Enclosure, Ticooly, Co. Galway
Co. Galway |
Enclosures
On a low hillock in Ticooly, in the north of County Galway, the remains of a prehistoric or early medieval enclosure survive in a state that requires some patience to read.
An enclosure of this type would originally have formed a roughly circular or oval boundary, defined by a raised bank and possibly a ditch, enclosing a dwelling, a farmstead, or a defended space. What is left here is considerably less than the whole, and that partial survival is itself part of what makes the site quietly interesting.

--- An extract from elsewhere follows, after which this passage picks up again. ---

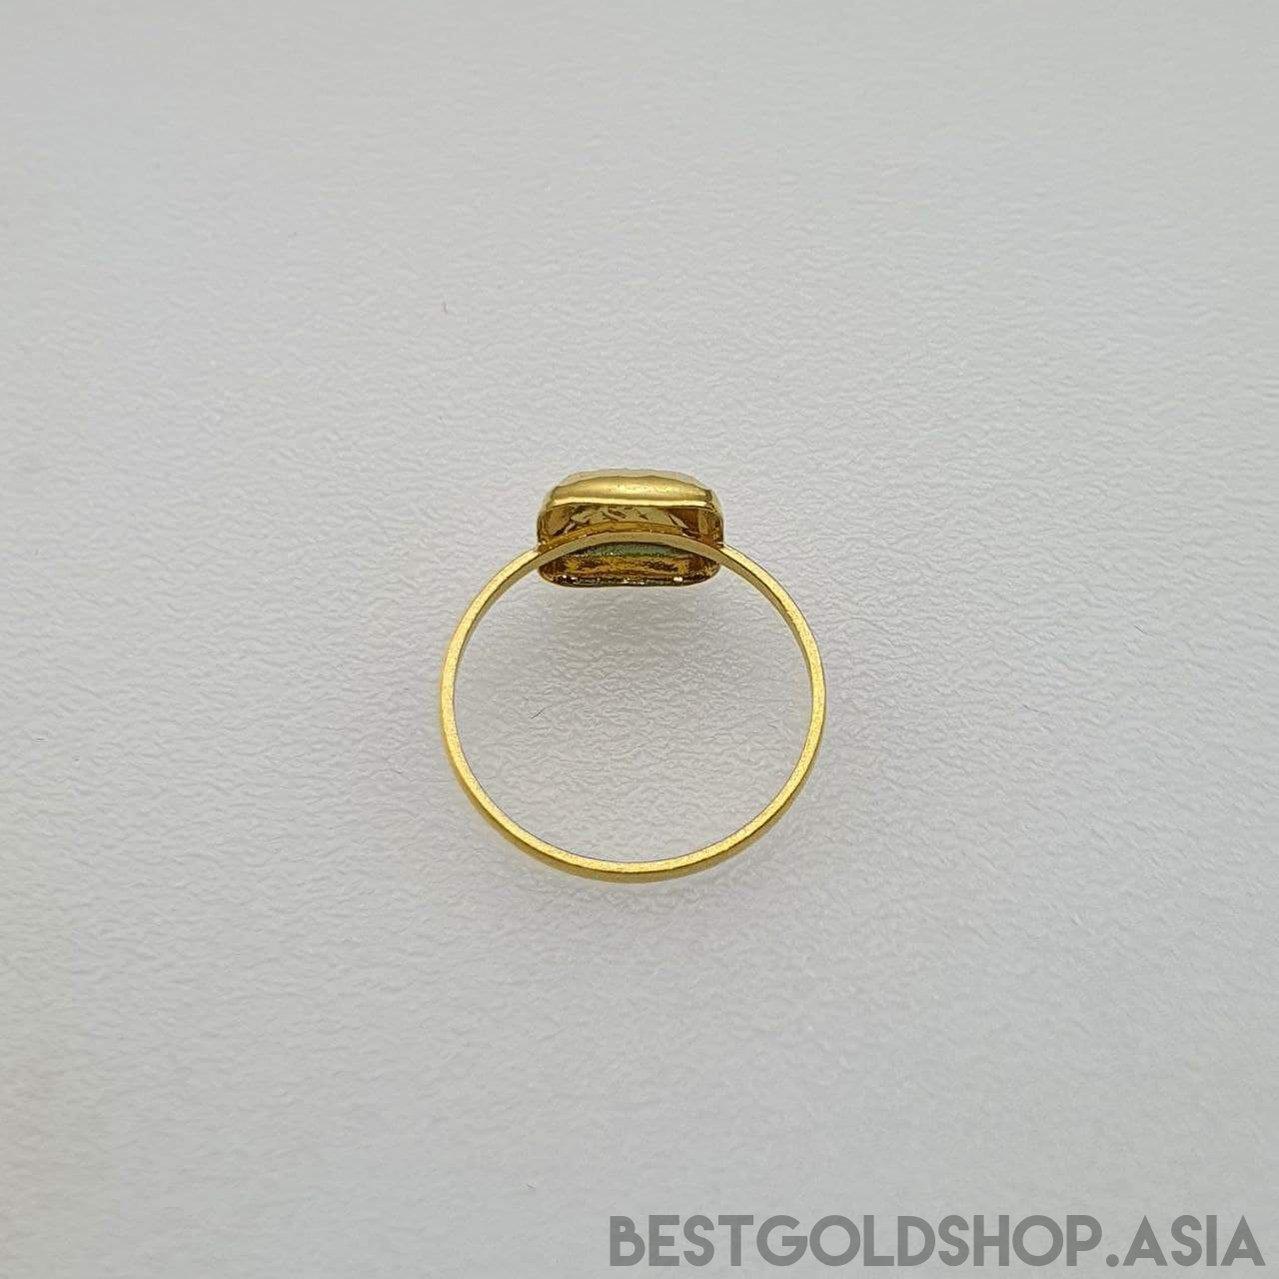 22k / 916 Gold Biscot Ring V2-916 gold-Best Gold Shop
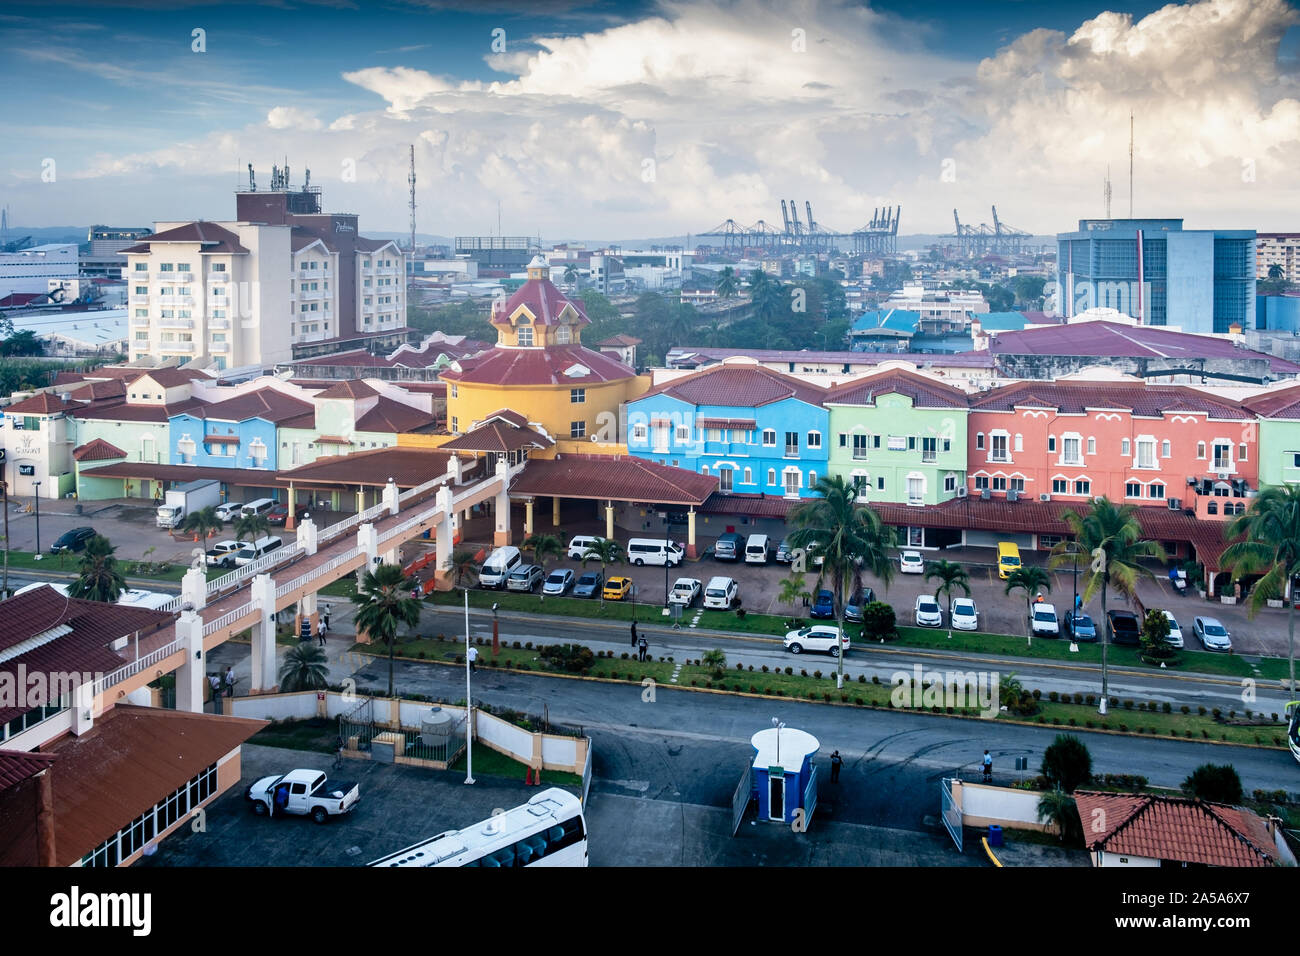 Bâtiments colorés au port de croisière Colon, Panama, Amérique Centrale Banque D'Images

By the time the third edition of the Ordnance Survey six-inch map was produced in 1932, only the south-western quadrant of the enclosure was recorded, suggesting that much of the monument had already been lost or obscured. What remains on the ground today is a short section of a bank surviving at the south, while from the south-south-west around to the north-north-west the enclosing element takes the form of a scarp, a natural-looking slope or step in the ground that here marks the line of the original boundary. A pit is visible at the northern side. A field fence, almost certainly a post-medieval or modern addition, cuts across the monument at both north and south, and to the east of that fence no surface trace of the enclosure can be made out at all. The monument has, in effect, been divided by agricultural land management, with roughly half of it now invisible at ground level.